### Provided information
|---|
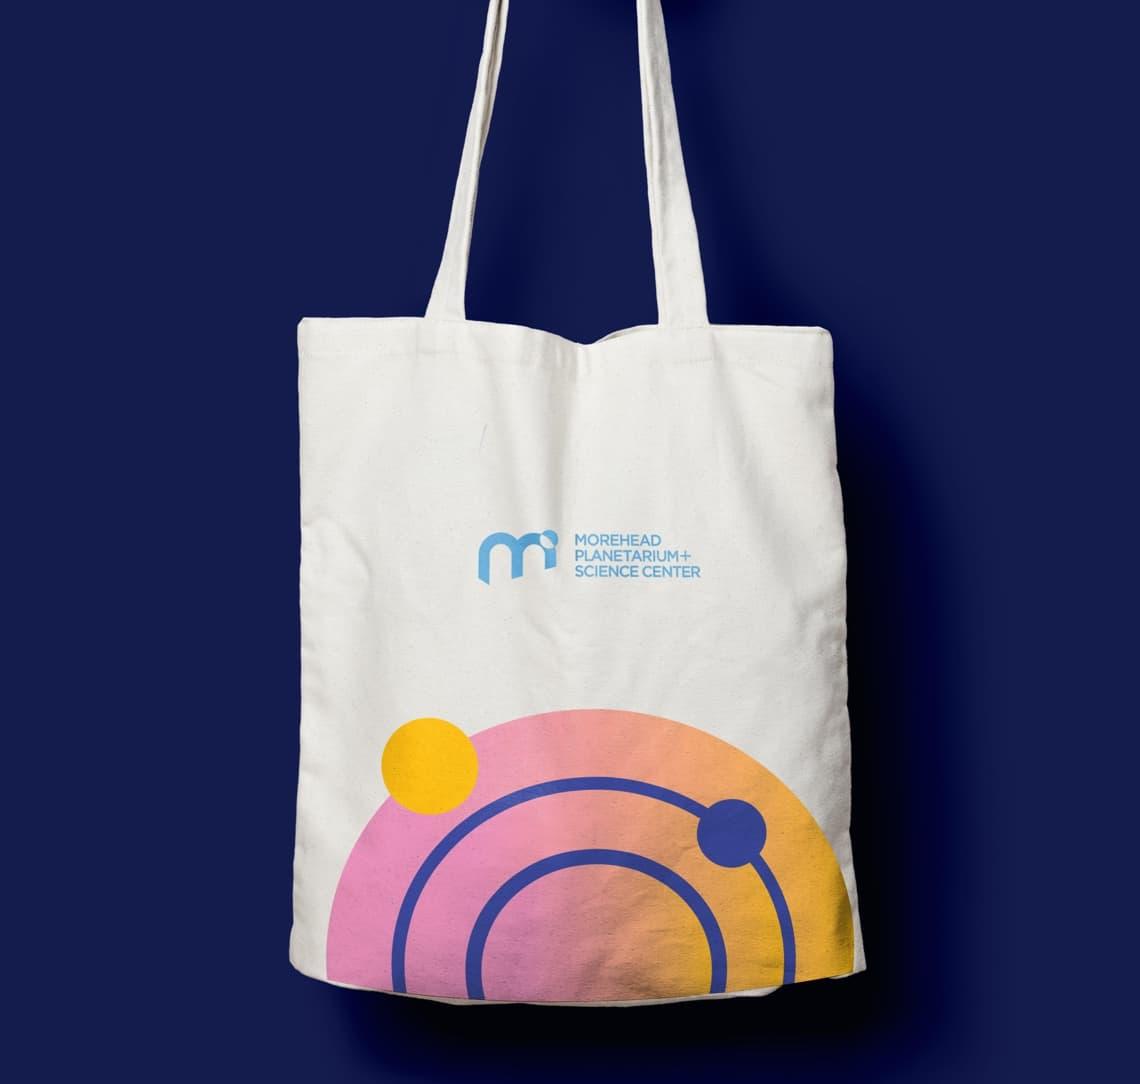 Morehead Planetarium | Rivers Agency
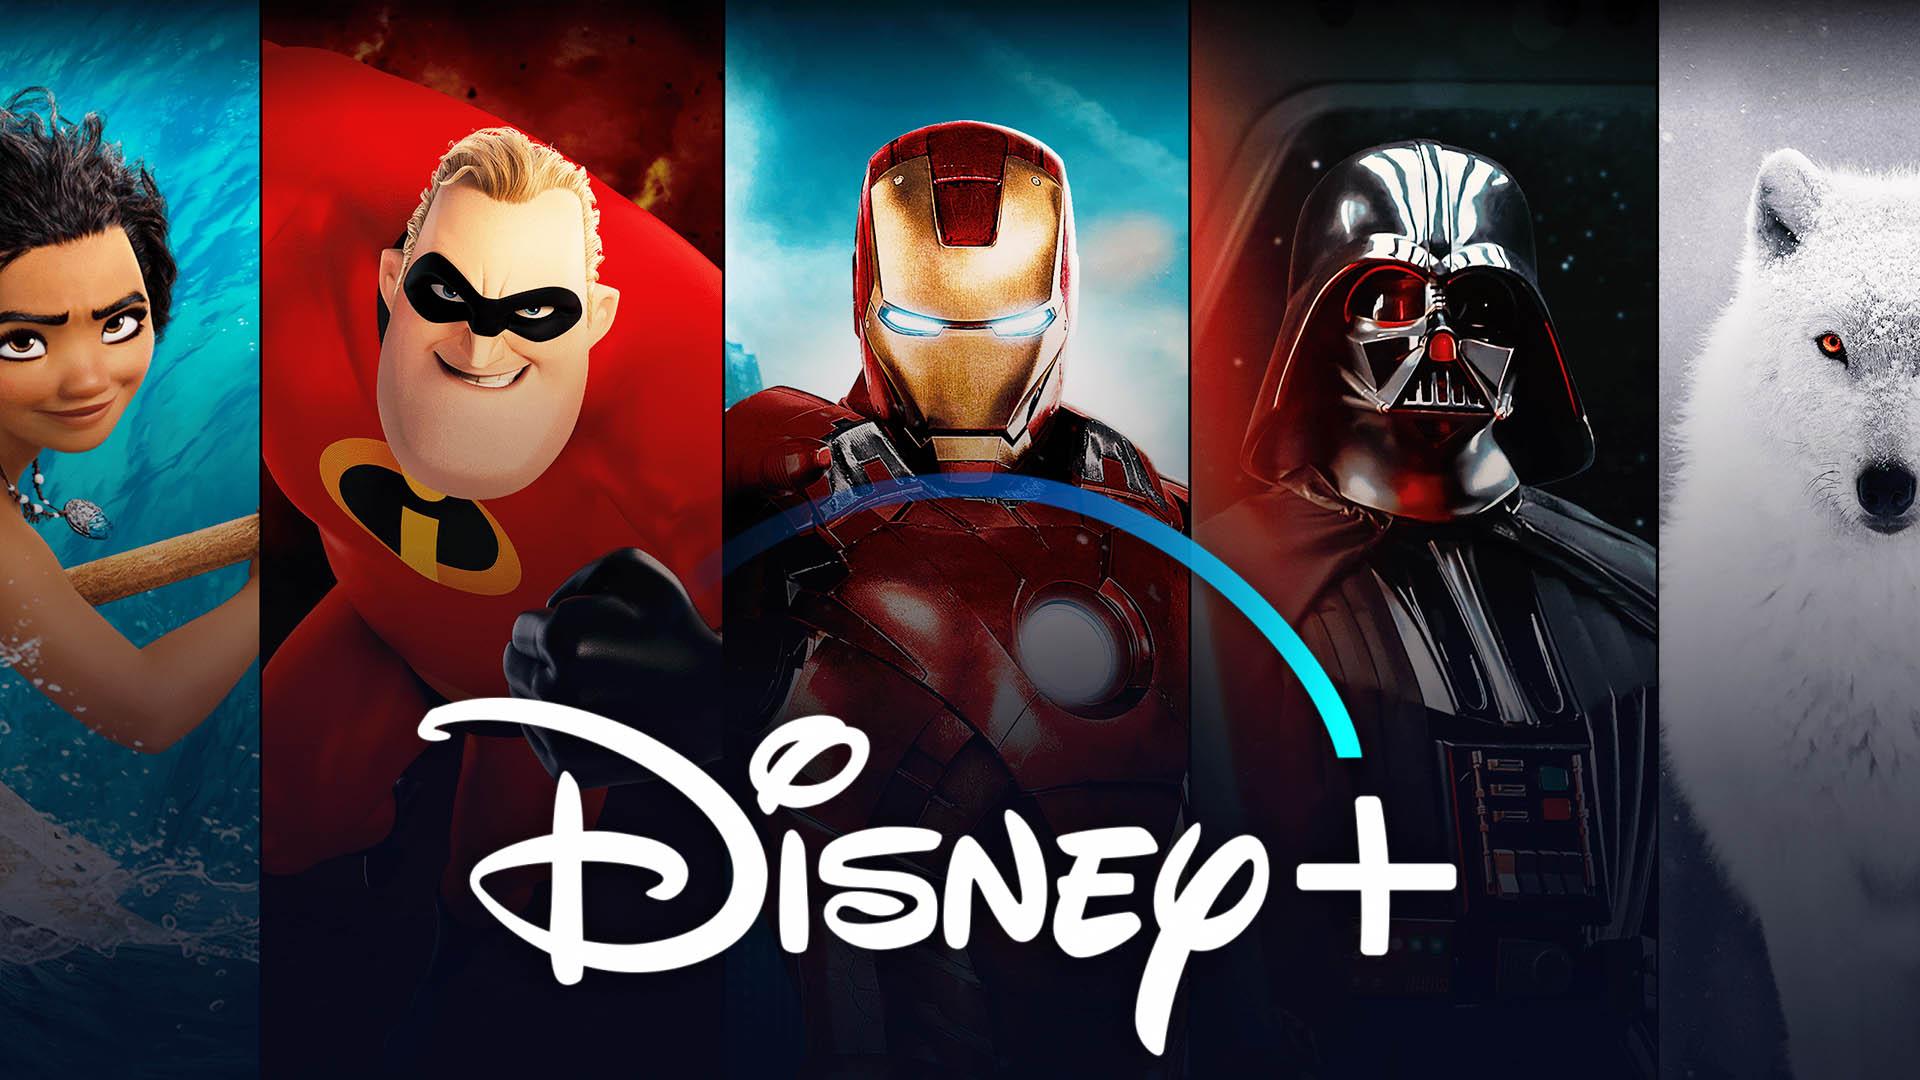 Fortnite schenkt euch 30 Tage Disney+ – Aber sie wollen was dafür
|---|
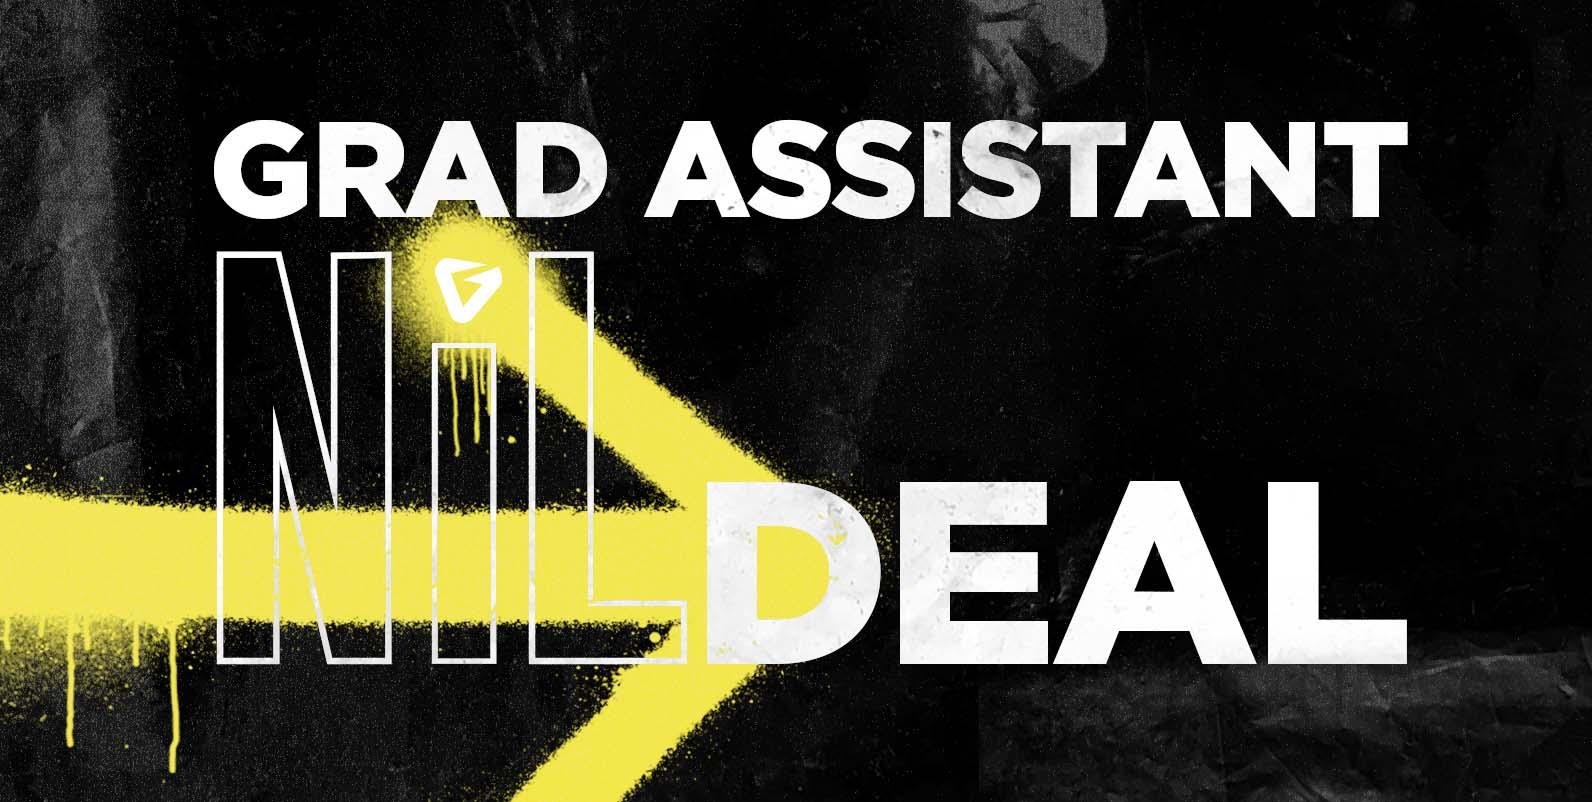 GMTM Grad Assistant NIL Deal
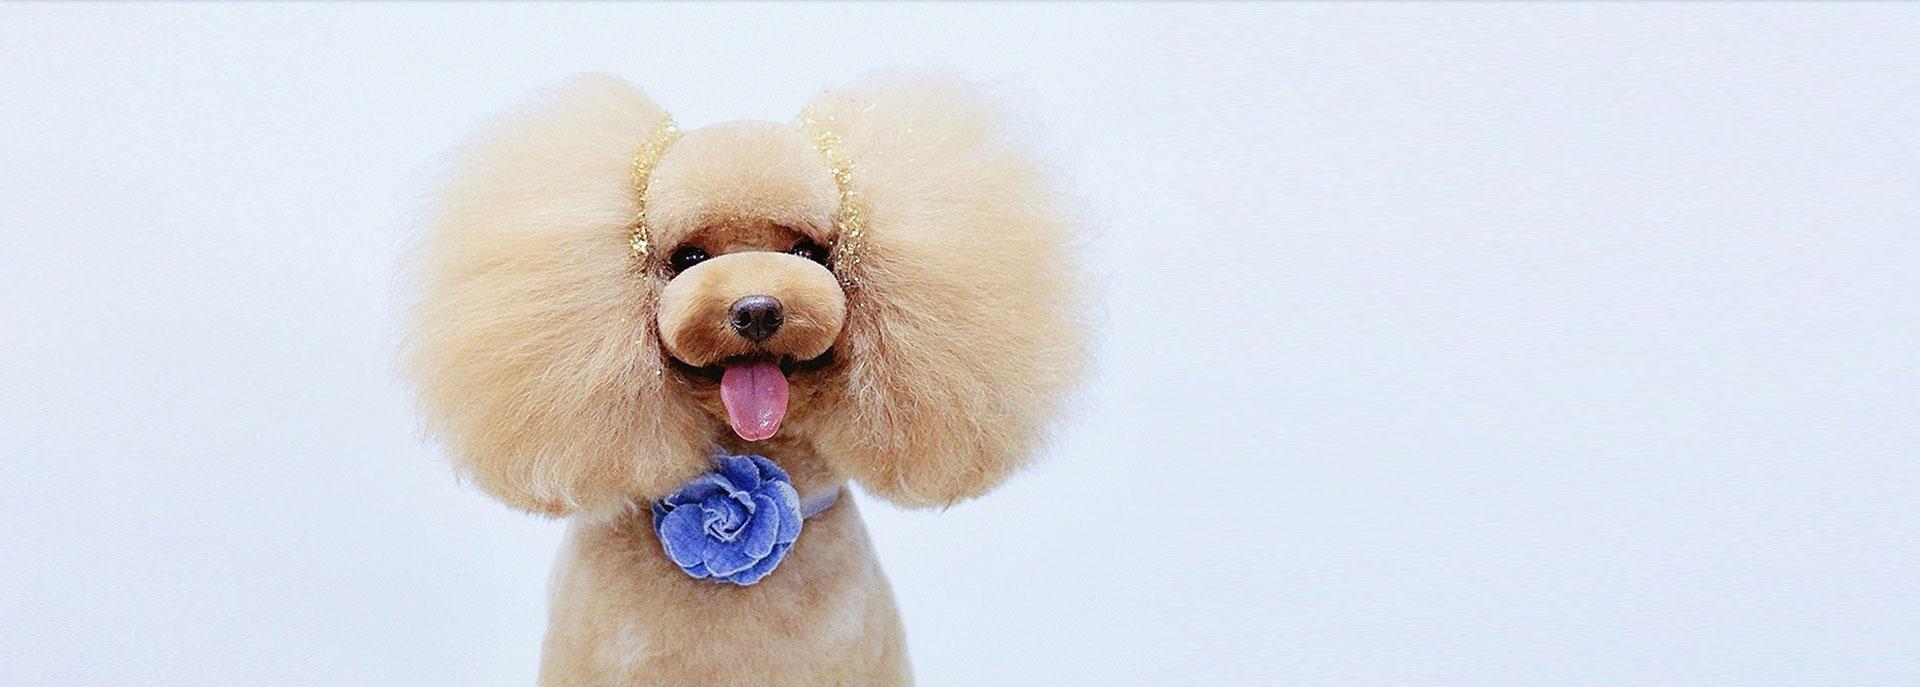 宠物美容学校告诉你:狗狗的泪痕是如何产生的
|---|
### Task requirements
Beginning with the line holding "Morehead Planetarium | Rivers Agency" in the material above, restate word for word each line through the line holding "Fortnite schenkt euch", and exclude pictures.

### Response area
 Morehead Planetarium | Rivers Agency
 Fortnite schenkt euch 30 Tage Disney+ – Aber sie wollen was dafür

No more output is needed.